Both storage backends implement the StorageAdapter abstract base class, enabling seamless switching between in-memory and persistent storage:

class StorageAdapter(ABC):
    @abstractmethod
    def save_node(self, node: Node) -> None: ...
    @abstractmethod
    def load_graph(self) -> DependencyGraph: ...
    @abstractmethod
    def query_descendants(self, node_id: str, max_depth: int) -> List[str]: ...
    # ... additional methods

Scale Characteristics

SQLite performs well for typical project sizes:

Graph Size Load Time Traversal Notes
<10K nodes <100ms <10ms Excellent
10K-50K nodes 100-500ms 10-50ms Good
50K-100K nodes 500ms-2s 50-200ms Acceptable
>100K nodes >2s >200ms Consider alternatives

The primary bottleneck at scale is not SQLite itself but the in-memory NetworkX graph that gets rebuilt from storage.

Future Ideas

Short-term Improvements

Token Index Persistence: Currently the inverted token index exists only in memory. Persisting it would eliminate the need to rebuild during graph loading:

CREATE TABLE token_index (
    token TEXT NOT NULL,
    node_id TEXT NOT NULL,
    PRIMARY KEY (token, node_id)
);
CREATE INDEX idx_token ON token_index(token);

Confidence-based Pruning: Add a materialized view or summary table for high-confidence edges only, reducing noise in traversals:

CREATE VIEW high_confidence_edges AS
SELECT * FROM edges WHERE confidence >= 0.7;

Incremental Edge Updates: Track which edges were created by which stitching rules, enabling targeted re-stitching when rules change.

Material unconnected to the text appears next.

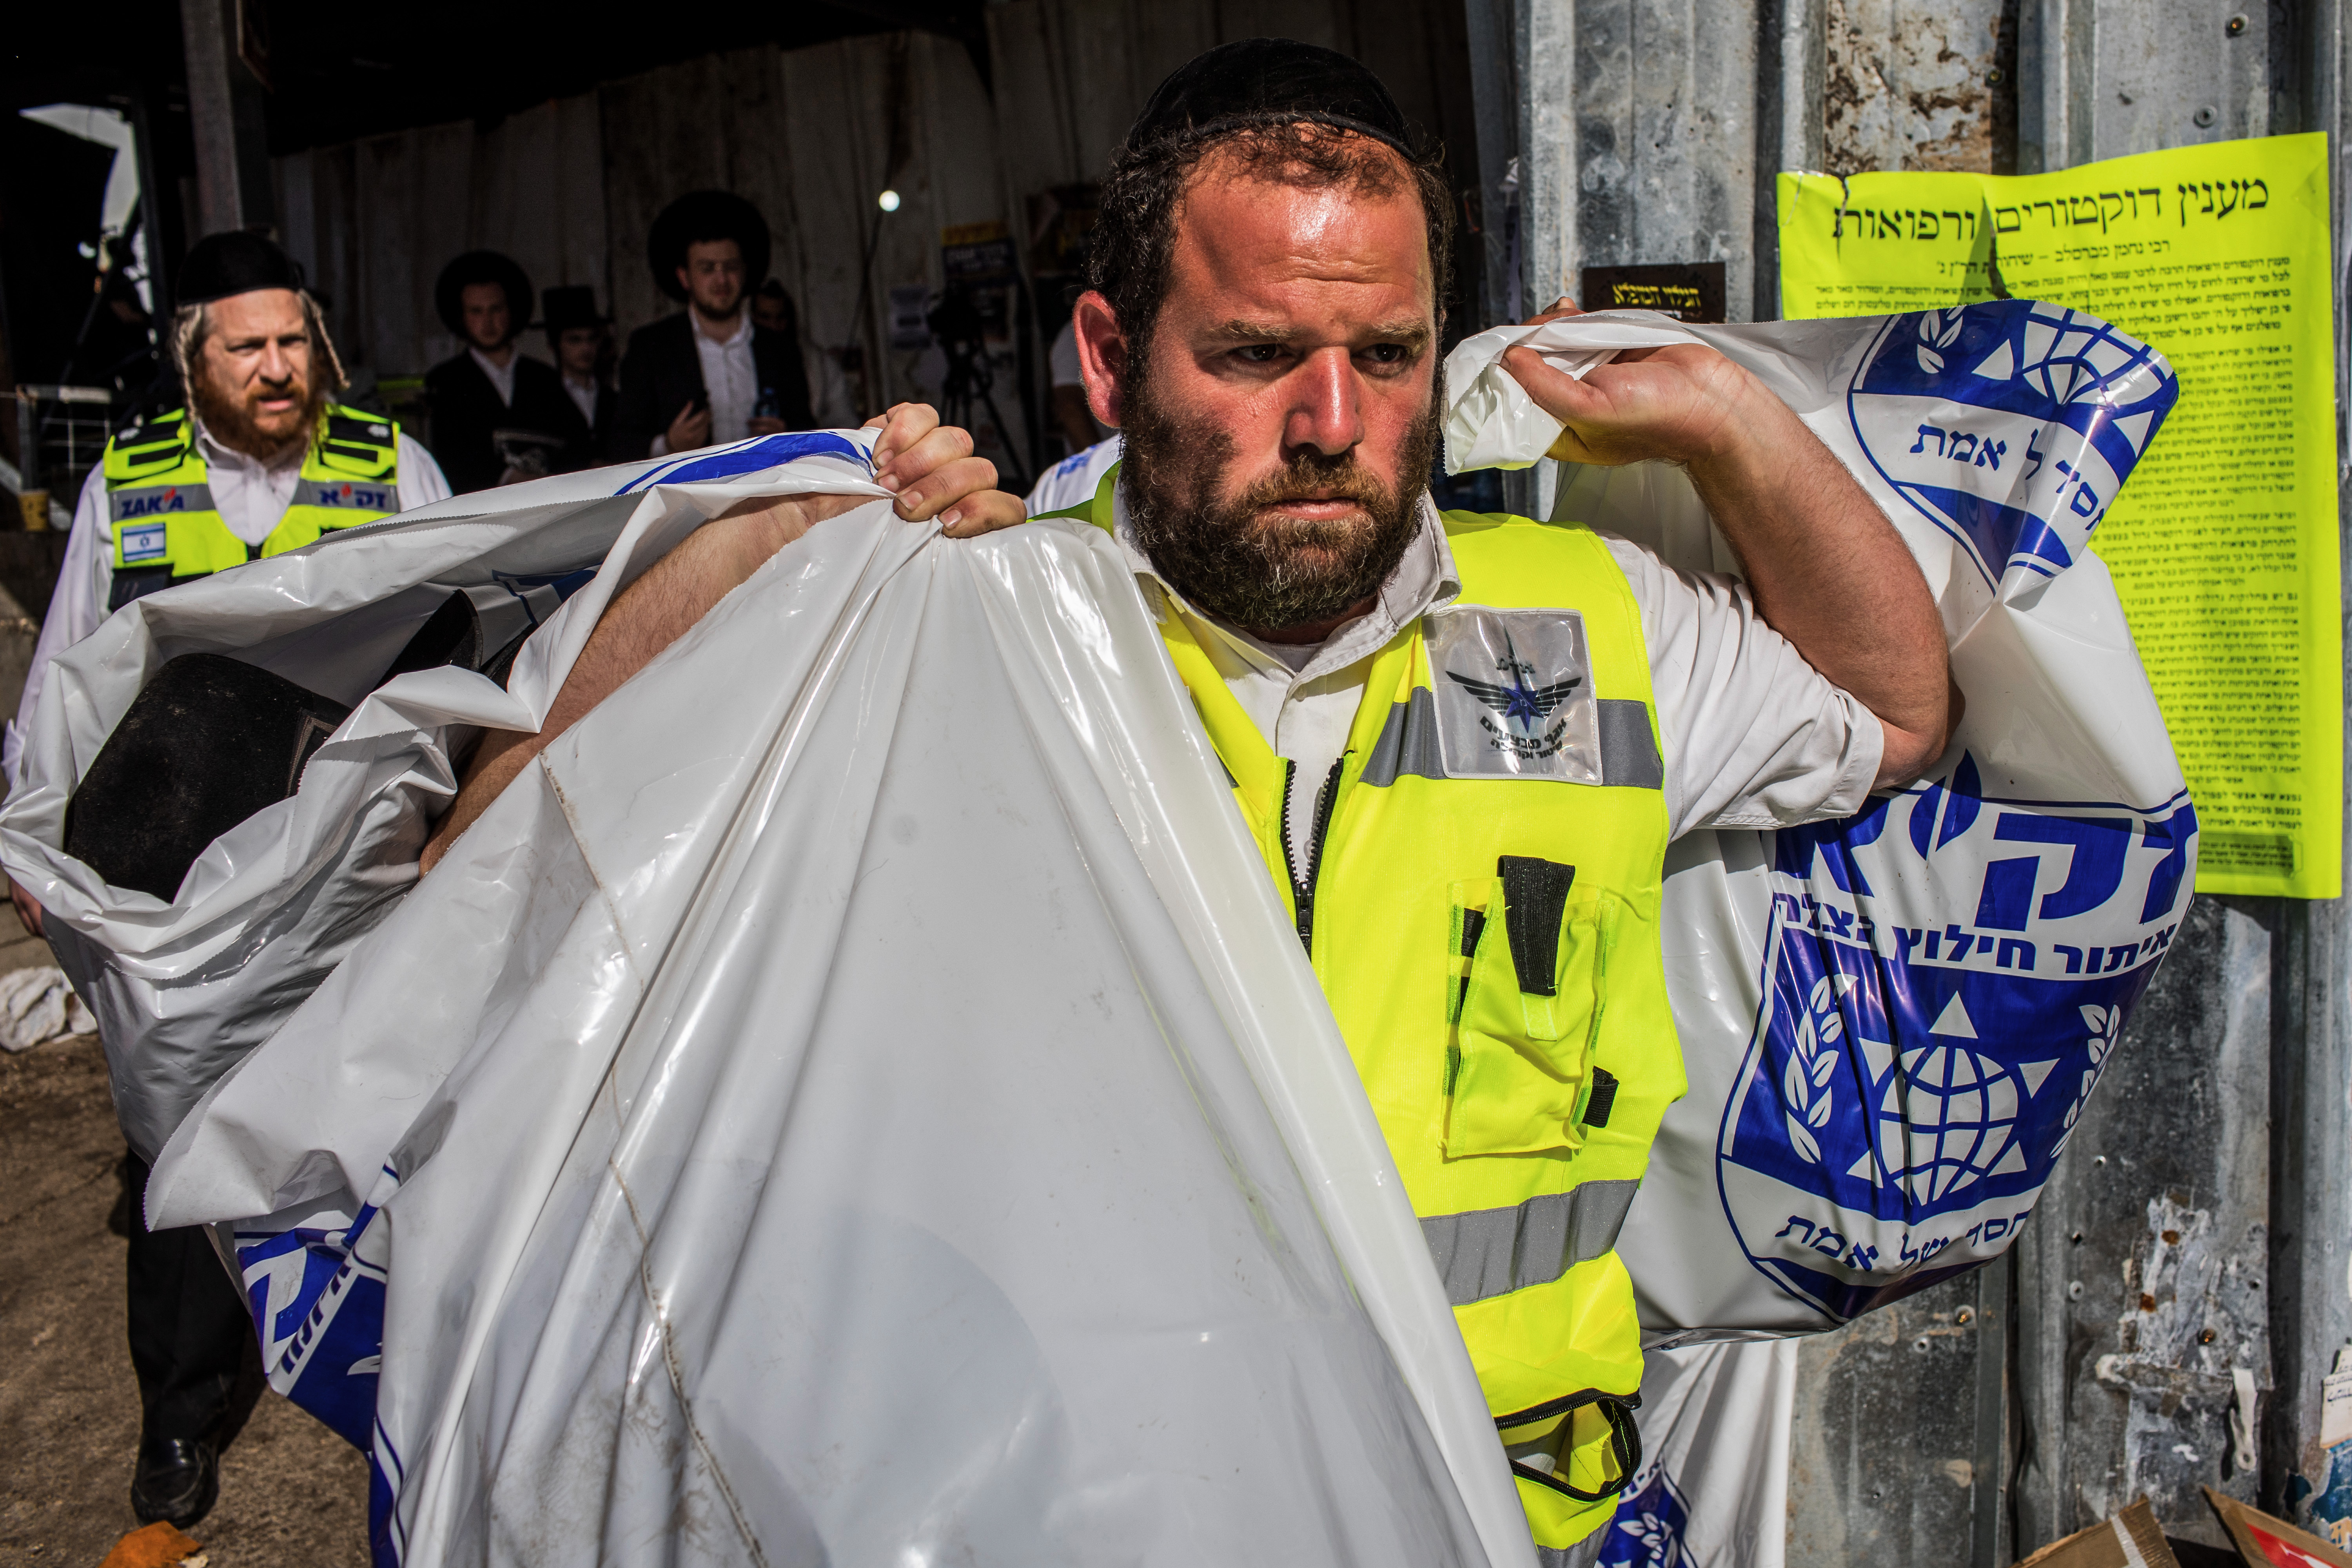 Israeli rescue workers and security officials hold bags filled with personal items at the Jewish Orthodox pilgrimage site of Mount Meron, where dozens of worshippers were killed in a stampede during the Jewish religious festival of Lag Ba'Omer in northern Israel.
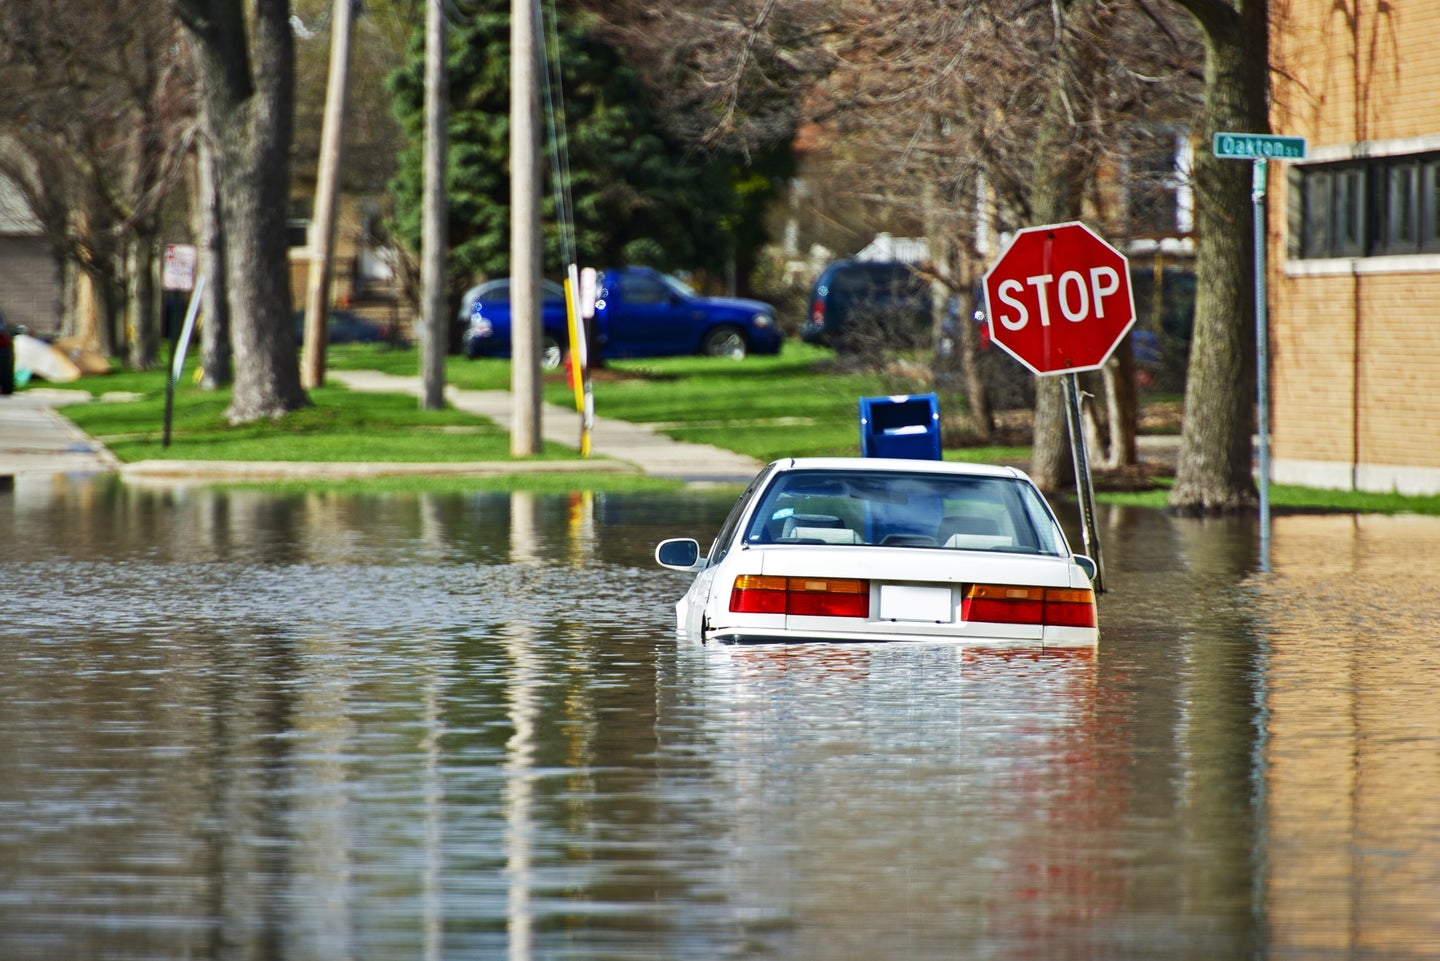 Car Under Water. Vehicle Flooded by River Flood in Des Plains, IL, USA. Flooded City Streets After Few Days of Intense Rain. Nature Disasters Photo Collection.

Medium-term: rustworkx Integration

Replace NetworkX with rustworkx for 10-100x graph operation speedups while keeping SQLite for persistence. The hybrid architecture would look like:

SQLite (persistence) <-> rustworkx (in-memory operations) <-> Python API

Key benefits: parallel graph algorithms, better memory layout, native DAG operations.

Long-term: Graph Database Evaluation

For very large codebases (>100K nodes, >1M edges), evaluate dedicated graph databases:

Option Pros Cons
Memgraph In-memory, Cypher-compatible, fast Requires separate process
DuckDB Embedded, analytical queries Limited graph operations
Kùzu Embedded graph DB, Cypher Newer, smaller ecosystem
Neo4j Mature, powerful Heavy, server-based

The migration path would maintain the StorageAdapter interface, allowing gradual rollout with fallback to SQLite.